Analysis of the rat connexin 43 proximal promoter in neonatal cardiomyocytes

Abstract

Altered transcriptional control is likely to contribute to the down-regulation of connexin 43 (Cx43) expression observed in many forms of heart disease. However, little is known about the factors regulating Cx43 transcription in the heart under (patho)physiological conditions. Therefore, a systematic study of rat Cx43 (rCx43) proximal promoter regulation in rat primary neonatal ventricular cardiomyocytes (NCM) and, for comparison, different cell types was initiated. Luciferase assays revealed that, in NCM, the proximal promoter is preserved in a conserved region extending from 148 nucleotides upstream towards 281 nucleotides downstream relative to the transcription initiation site (TIS). Further deletional analysis suggested the involvement of four putative Sp- and two AP1-binding sites.
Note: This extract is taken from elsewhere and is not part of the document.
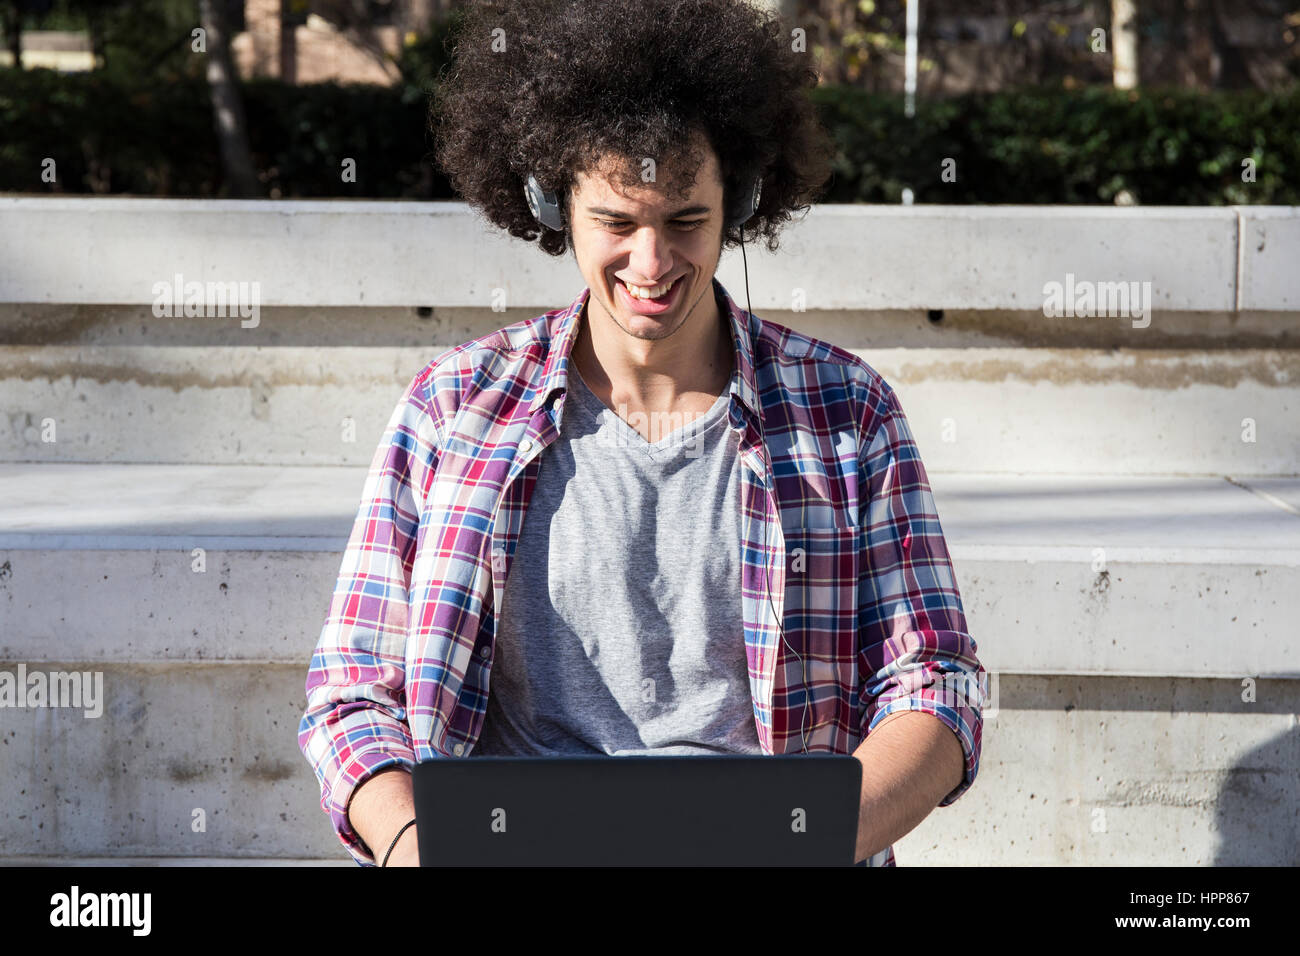 Smiling young man using laptop and headphones Stock Photo

The binding of both Sp1 and Sp3 to the Sp-binding elements and AP1 to the AP1-binding elements was demonstrated by electrophoretic mobility shift assays (EMSA). Promoter–luciferase assays using the natural rCx43 proximal promoter and mutated derivatives in NCM, HL-1 and A7r5 cells revealed that all sites contribute to basal promoter activity. Trans-activation of the Cx43 proximal promoter with Sp1 and Sp3 in Drosophila Schneider line 2 (SL2) cells demonstrated that Sp1 and, to a lesser extent, Sp3 determine rCx43 promoter activation. Thus Sp1, Sp3 and AP1 determine basal Cx43 expression. In addition, we studied the effect of the cardiac transcription factor Nkx2.5 on Cx43 regulation. NCM were infected with adenovirus encoding either β-galactosidase (control) or Nkx2.5. Cx43 protein and mRNA were significantly decreased after Nkx2.5 infection as shown by Western and Northern blot analyses. Promoter–reporter assays demonstrated that the rCx43 promoter was down-regulated approximately twofold upon Nkx2.5 overexpression. Therefore, in NCM, Nkx2.5 appears to play a role in the regulation of Cx43 expression.